Throughout history, packaging materials have been an essential component of human society. From the early days of woven baskets and earthenware pots to the industrial revolution’s development of tin cans, the need for packaging has always existed. However, the packaging industry underwent a significant transformation in the mid-20th century by introducing synthetic polymers, which have become a vital component of modern-day packaging. These versatile materials have revolutionized the industry, providing unparalleled strength, durability, and flexibility to support the needs of an ever-changing world. Today, synthetic polymers continue to play an indispensable role in packaging, enabling us to transport and store goods safely and efficiently. However, they lack polymer sustainability.

I remember vividly from childhood when I was around 4-5 years old, standing in a classic 1978- Honda 50 motorcycle basket to get milk from the Nagori milk shop in Karachi, Pakistan. My siblings would sometimes join me in the basket, where there was a stainless-steel canister to hold the milk in this “bring milk home” joy ride. It was a daily chore for my dad to get milk.
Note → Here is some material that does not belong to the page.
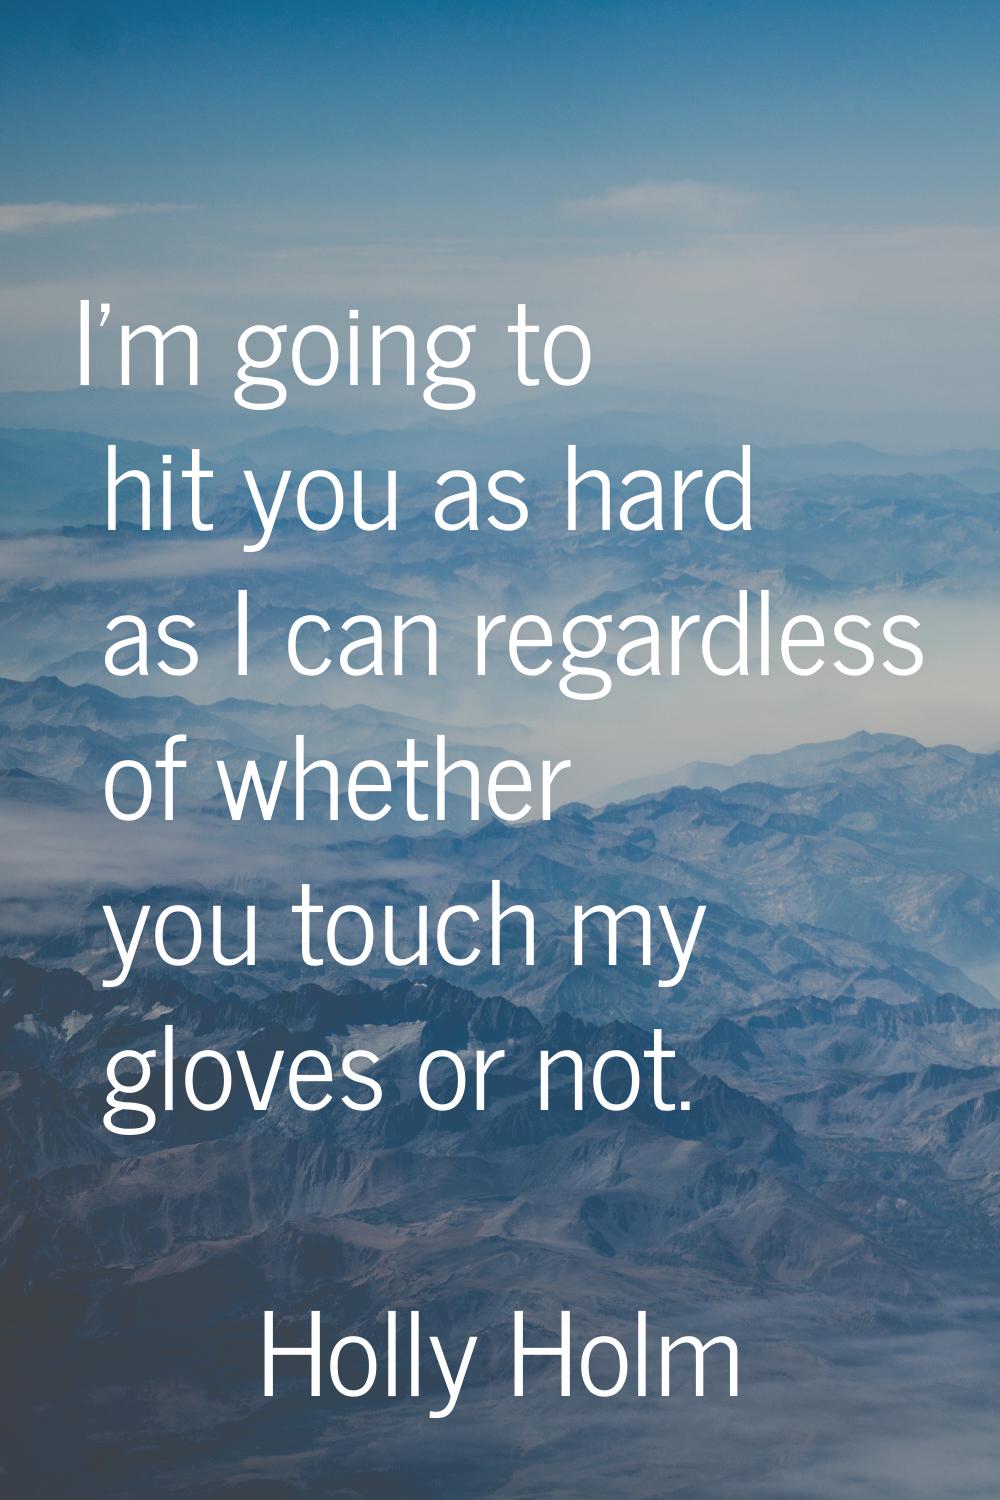 I'm going to hit you as hard as I can regardless of whether you touch my gloves or not.

As soon as the milk arrived, my mom would boil it right away, and the cream would rise above the milk (something that doesn’t happen in pasteurized milk), and we would eat it with honey and parathas. However, plastic bags and tetra packs took over by the late 20th century, and my early morning trips to the milk shop became just a memory.

Plastic bottles made it extremely easy and convenient for the dairy industry to deliver milk to every household. It curbed spoilage, simplified the supply chain, and brought the product to consumers in a way that was never possible. The famous line from the movie “The Graduate,” “Plastics” certainly rang true.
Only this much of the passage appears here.